|Horse racing and
Punt to Win
2YO Golden Slipper
Two year olds - beware again
Did you see the 2YO John Hawkes' trained filly, Montmelo, firm and start as a very short priced $2.60 favourite last Saturday at Rosehill in the 2YO Fillies Group 2 Magic Knight Stakes?
She was sent out at those odds on the strength of one race start - a nice win 11 days earlier at Warwick Farm in a midweek 2YO Class 3 race! But last Saturday Montmelo did not win. She finished fourth.
Taking short odds about lightly raced two year olds, or unraced two year olds is fraught with danger.
Unraced two year olds at shortish odds are guaranteed long term losing betting propositions.
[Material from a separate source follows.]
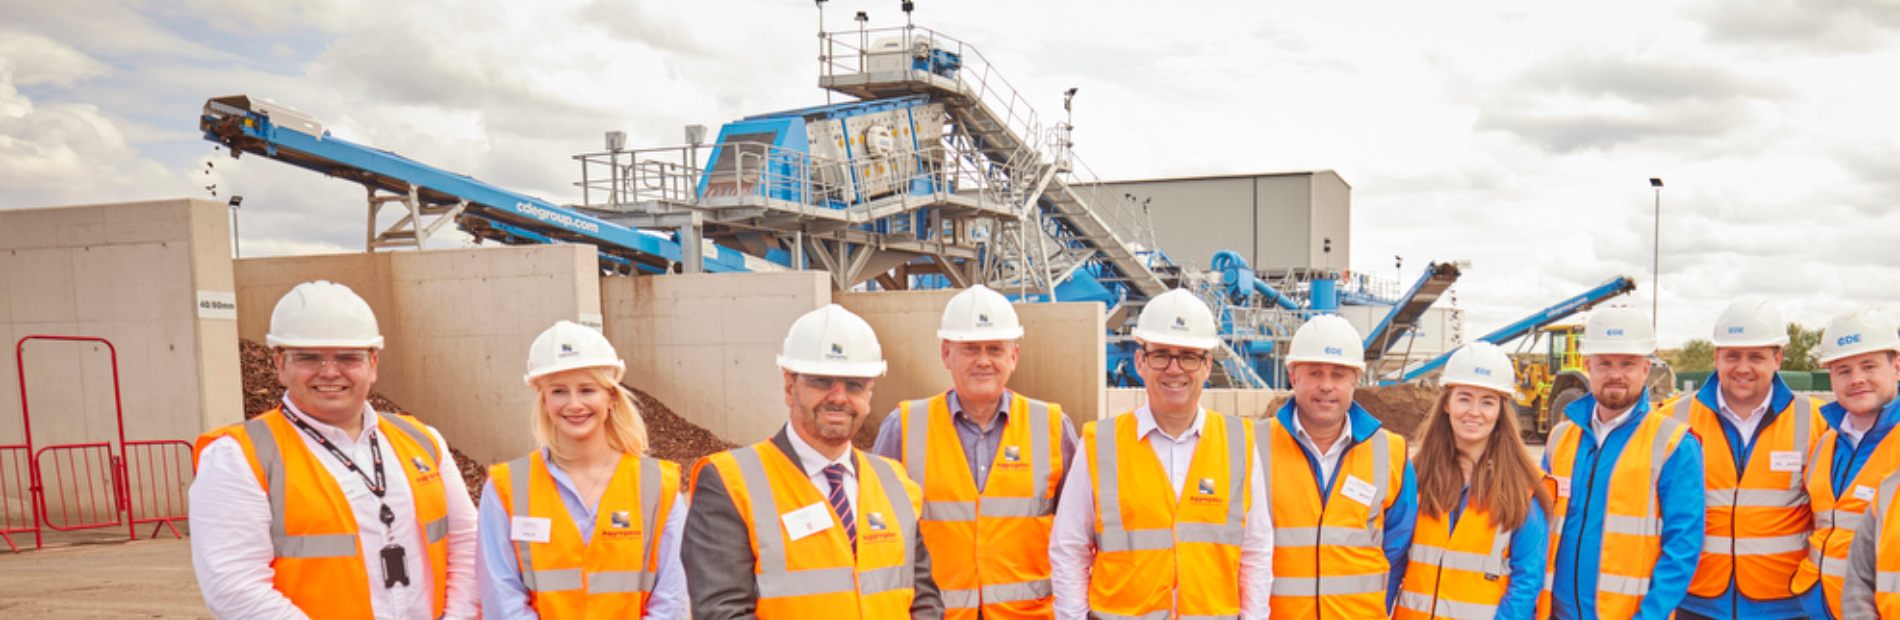 Andy Burnham Visits NRE Aggregates Recycling Facility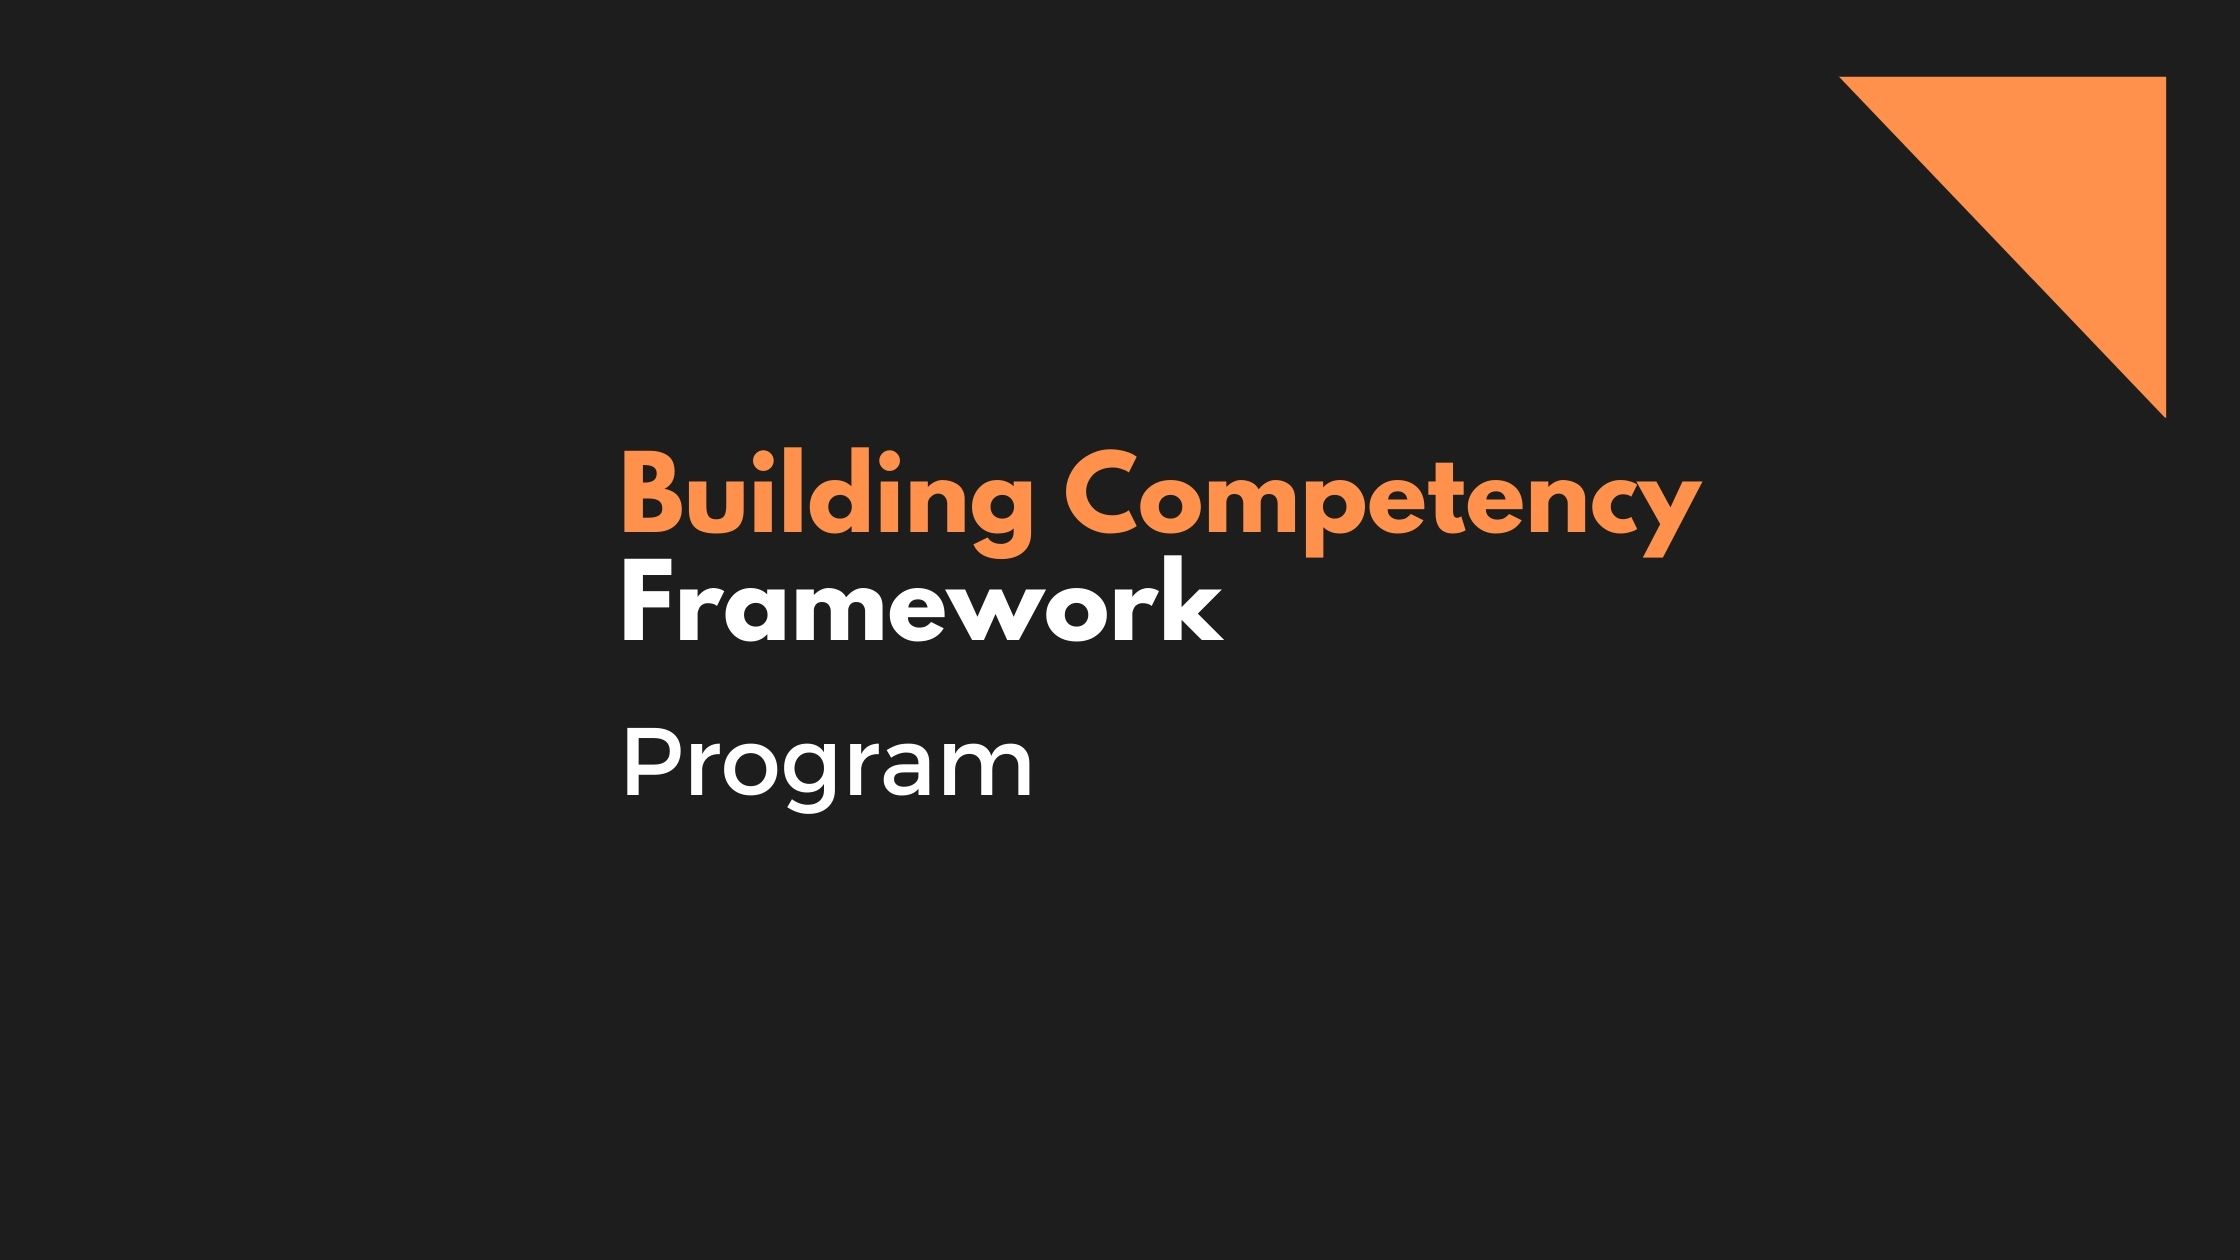 Building Competency Framework

Their successful barrier trial form often proves to be useless as a meaningful betting guide - there is a lot of difference between a barrier trial with no set weights and little pressure, compared to a real race.
If there is no barrier trial form then anyone backing the horse is completely in the dark. Invariably there are also plenty of other runners in the field without any disclosed form.
The usual racing media advice is to follow the betting. Why follow losing punters with big pockets and even bigger holes in their pockets who are placing substantial bets on unraced horses at short odds without any knowledge of many of the other horses in the field?
We wrote the following in Punt to Win a few years ago. It is just as relevant today.
In the same race the John Hawkes' trained Huit who had won a barrier trial 18 days earlier was sent out at the short odds of $4.20. He finished third, but at least was only beaten by a length.
There was also very solid money in the betting ring for the Gai Waterhouse trained Achievable who firmed from $5.00 to $4.00 and finished fourth, while Jack Denham's Vital Agreement met with support at $5.00 and was beaten by six lengths.
The winner? Magic Marvo, trained by Rod Craig at Warwick Farm. Magic Marvo eased from $31.00 to $71.00 in the betting ring. At his only start 13 days earlier he was comfortably beaten in a 2YO Maiden at Wyong starting at $26.00.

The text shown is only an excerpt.